# 480p SD Image Quality: 921 vs dscaler



## mikehd (Sep 11, 2003)

I'm on the fence on how to get the best IQ on my Mits 55618 RPTV. I've had a HTPC in the past and used dscaler to convert the S-Video from my 501 to a nice 480p signal. It was a marked improvement over the crappy Mits de-interlacer circuit.

However, I had to press the HTPC into service elsewhere, so am back to watching the Mits mangle the IQ on the 501's output. Also, I have budget for either a HTPC again, or a 921, but not both. I am in search of the best solution for SD image quality.

I've searched and read through the forum a bit, but thought I would ask the questions directly.


Has anyone compared dscaler vs the 921's SD output?
Are the S-Video and Component simultaneously live on the 921?
How hard is it to switch between 480p and 1080i over the component output of the 921? Remote single button switch? or buried in the menus?

Thanks for your help and advice. My apologies if these questions have been thoroughly thrashed out in a FAQ or other thread. Links to these resources would be greatly appreciated.


----------



## Mark Lamutt (Mar 24, 2002)

1. The only place that I use dscaler is as part of ffdshow to watch DVDs, so I can't offer a comparison.

2. Nope. It's either one or the other. Hardware limitation.

3. Currently buried in the menus, although it is a requested feature.


----------



## mikehd (Sep 11, 2003)

Mark,

Thanks for the straight & fast answers.
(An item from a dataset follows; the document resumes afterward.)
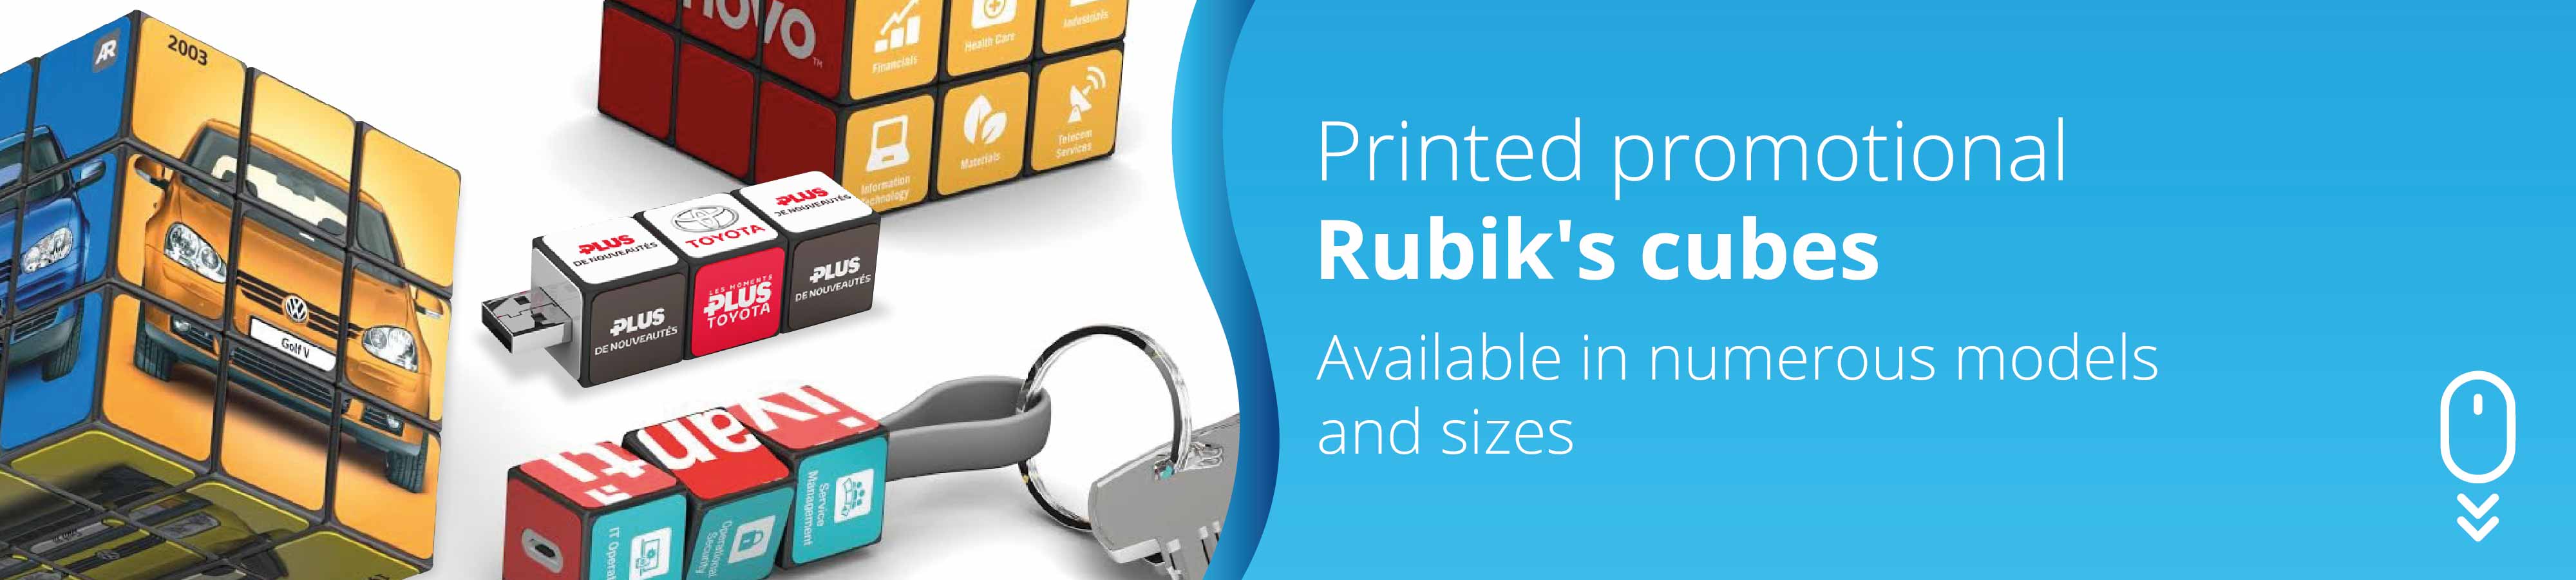 printed-promotional-rubiks-cubesaeCBKPuFejs9v

It pretty much settles the question for me on either a HTPC or 921 (921 for now).

Mike


----------



## mikehd (Sep 11, 2003)

Thought I would update the forum on this comparison question I had.
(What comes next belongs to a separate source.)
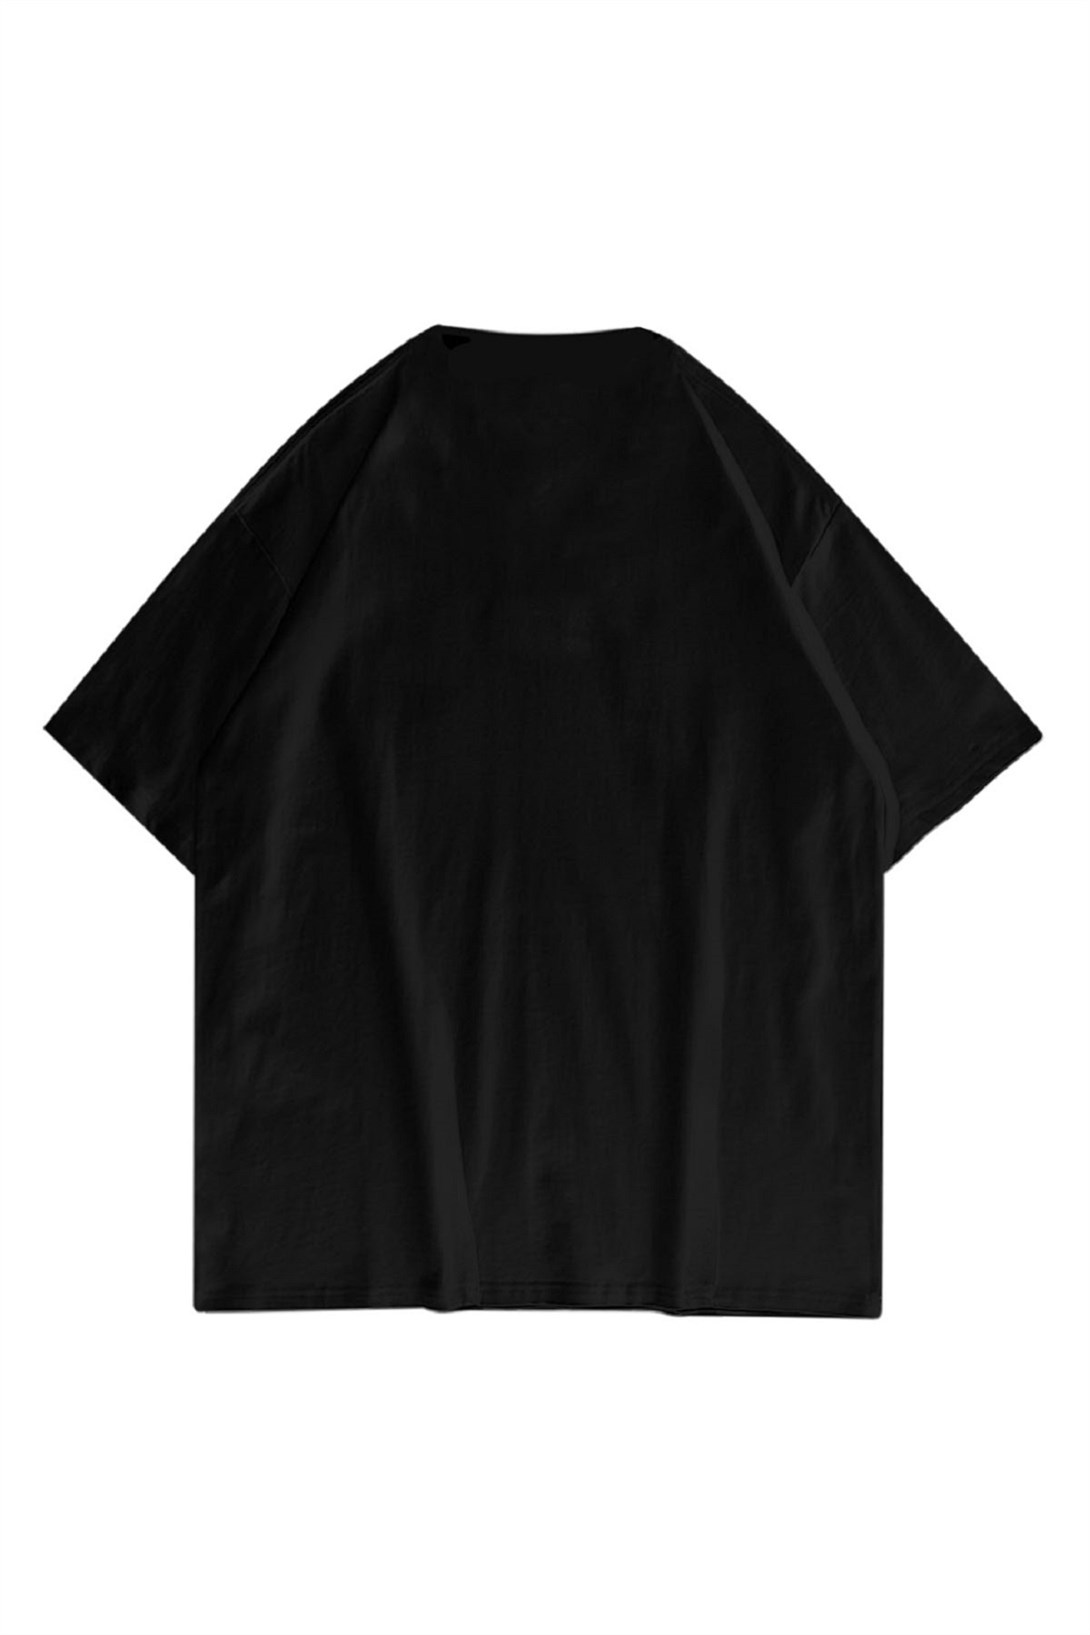 Trendiz Unisex Distraction Siyah Tshirt

I installed m 921 last night and scanned several SD programs. I would say that the 921 is de-interlacing the SD signal about as good as dscaler did. Now it's not a side by side exhaustive comparison, but I'm favorably impressed by the job it does. Much better than the onboard ciruit in the Mits. Compared to the time investment in building a HTPC capable of capturing OTA DTV and output from a HDTV satellite receiver, so far the 921 is the far easier solution.


----------



## Mark Lamutt (Mar 24, 2002)

Glad to hear it, Mike.


----------